Louisiana Folk Masters on Louisiana Public Broadcasting
With the CD series inaugurated, I turned my eye to the next stage of the Louisiana Folk Masters initiative, which was to take on television. As luck would have it, my casual collaborations with my favorite producer at Louisiana Public Broadcasting, and also my aunt, brought me into contact with some folks who were interested in opening out some of their news programming onto human interest stories that were grounded not only in the state’s folk cultures but also in folkloristic perspectives. My collaboration with Donna LaFleur of LPB resulted in two pilot profiles being shot, edited, and broadcast: one on a Creole filĂ© maker named John Colson and another on a Cajun Mardi Gras mask maker named Lou Trahan. I’m reasonably happy with the results, and I hope to do more in the future. Clickable links to the videos coming soon.
Humanities Research and the Tourism Commission
While all this was going on, and while I was still involved heavily with the Center for Cultural and Eco-Tourism, the good folks from Acadia Parish came to the Center and asked for help brain-storming possible ways to improve their tourism infrastructure.

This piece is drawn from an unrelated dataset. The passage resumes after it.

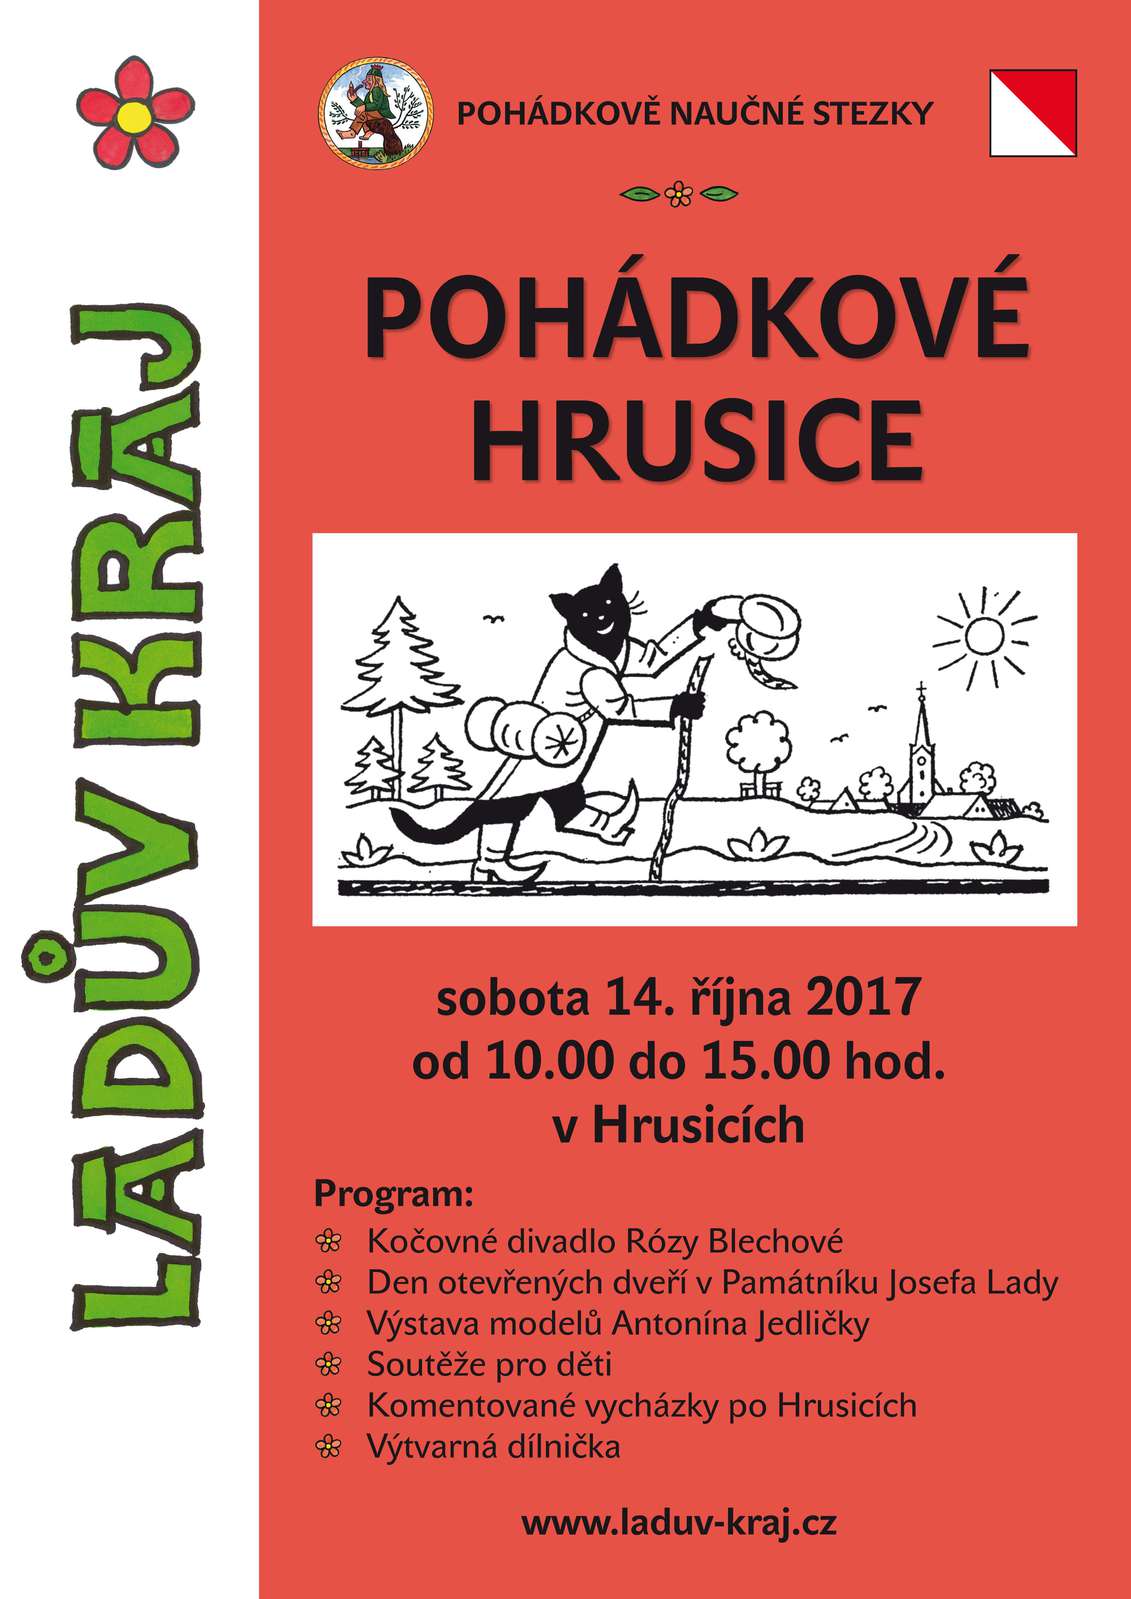 Pohádkové Hrusice 2017.JPG
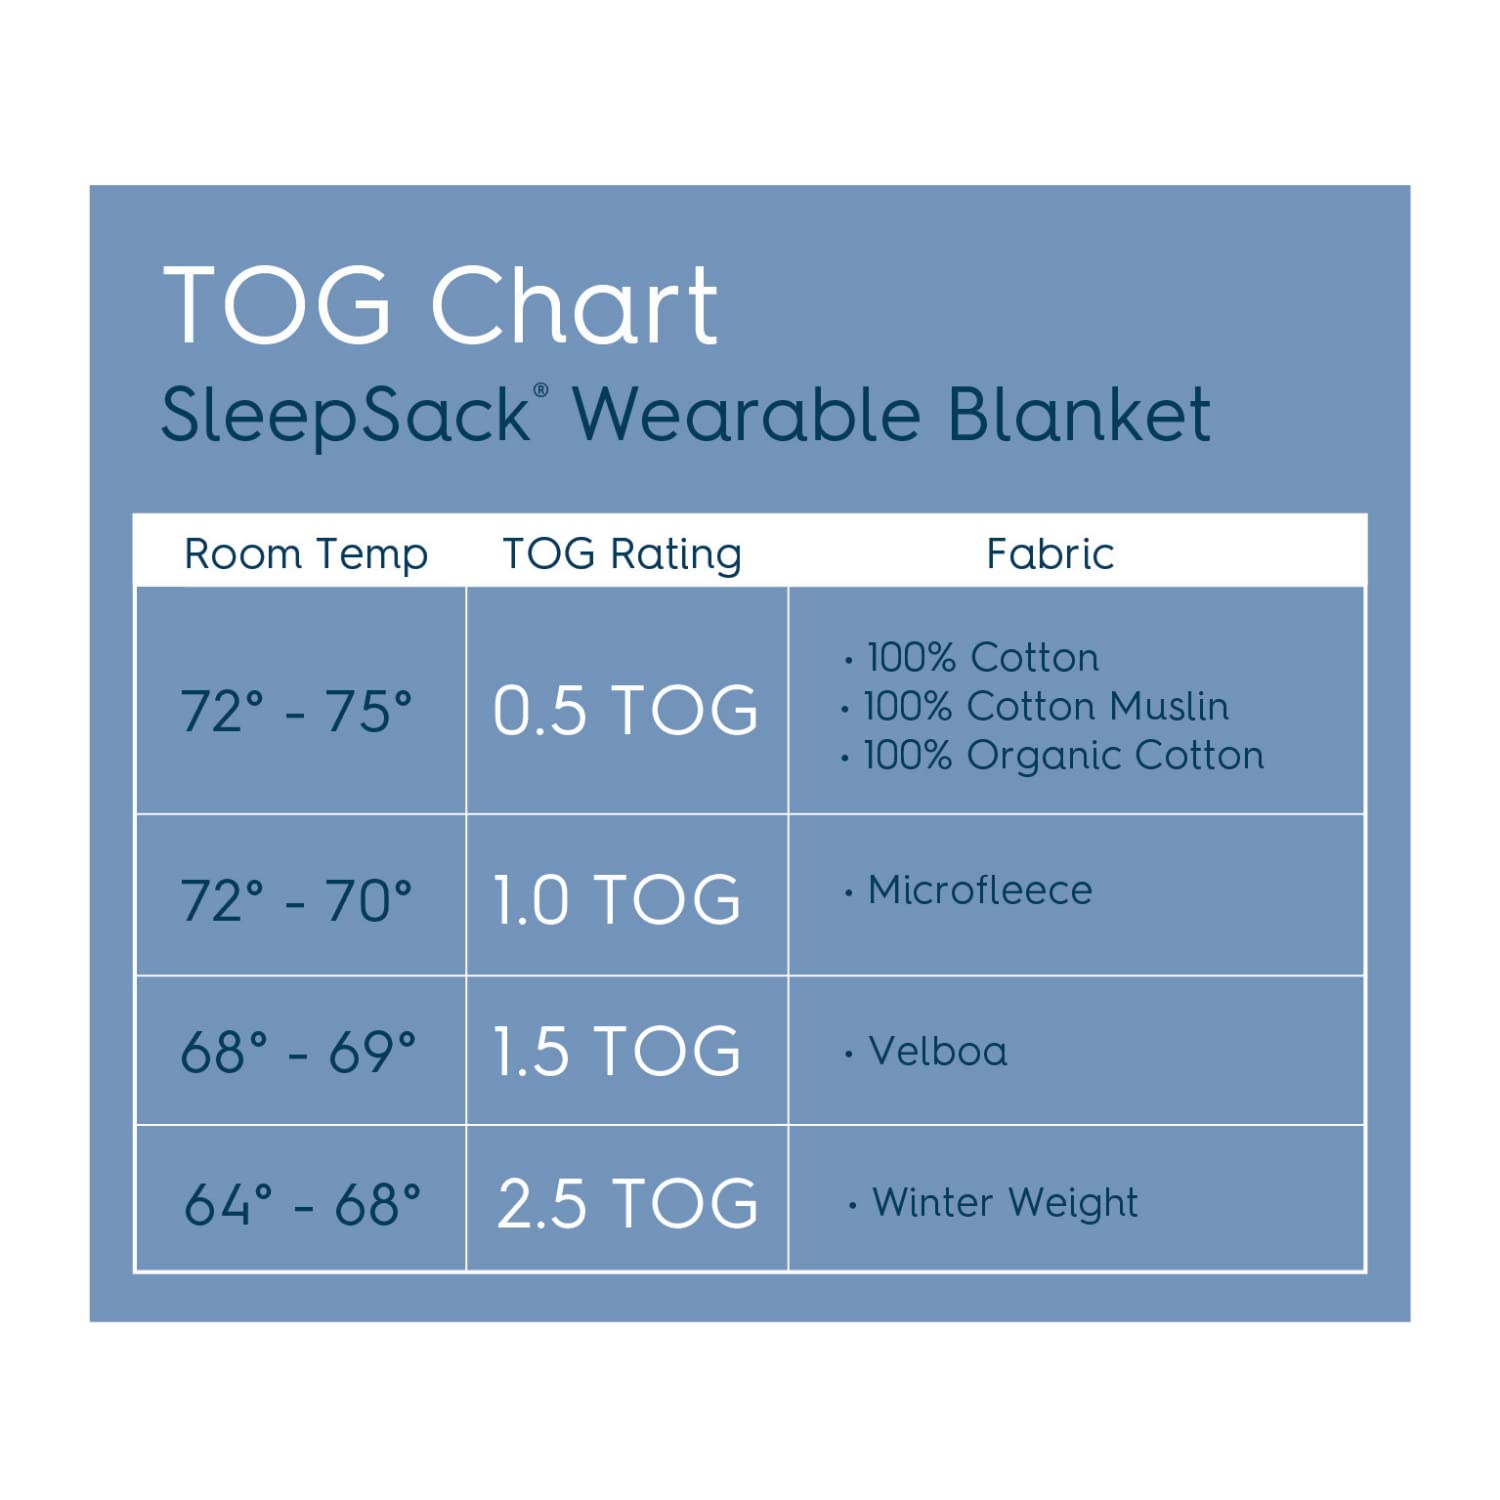 HALO Sleepsack Micro-Fleece Wearable Blanket, TOG 1.0, Cream, X-Large

Some of our conversations with them led to conversations with the Lafayette Convention and Visitors’ Center folks, especially the director Gerald Breaux who is something of a visionary.
What everyone wanted was something new. They imagined that technology would solve their problems, and for a while they locked onto the newest device in museum exhibit design, the visiguide, which is essentially a highly-customized handheld computer. Bu what I heard Gerald Breaux describe to us as he imagined a future was the frustration he had with past and its collection of one-off products — films, kiosks, brochures — that lined the shelves of his closets and was either outdated or unusable for a variety of reasons — some of which had to do with the fact that he didn’t have permission to pull apart a film he had in fact paid for.
As I sat and listened to Gerald talk, I imagined an ideal arrangement in which humanities scholars — faculty and students — would engage in field research whose contents would be of a nature — as good textual descriptions and narrations, as high-quality audio, video, and images — as to be immediately usable in various commodities meant for tourists: audio CDs (for driving tours), CD-ROMs, DVDs, on-line web pages, print-on-demand booklets, maps, and guides, among other possibilities.
Gerald Breaux got it, and funded a first iteration that led to a maintenance grant overseen by another faculty member. The first time around, I ended up calling the project [Rich the First Time: A Media Infrastructure for Tourism][rft]. (It’s a terrible name, but I’m beginning to realize that my better ideas have worse titles and my weaker ideas start with great titles.) Such is life. At least mine.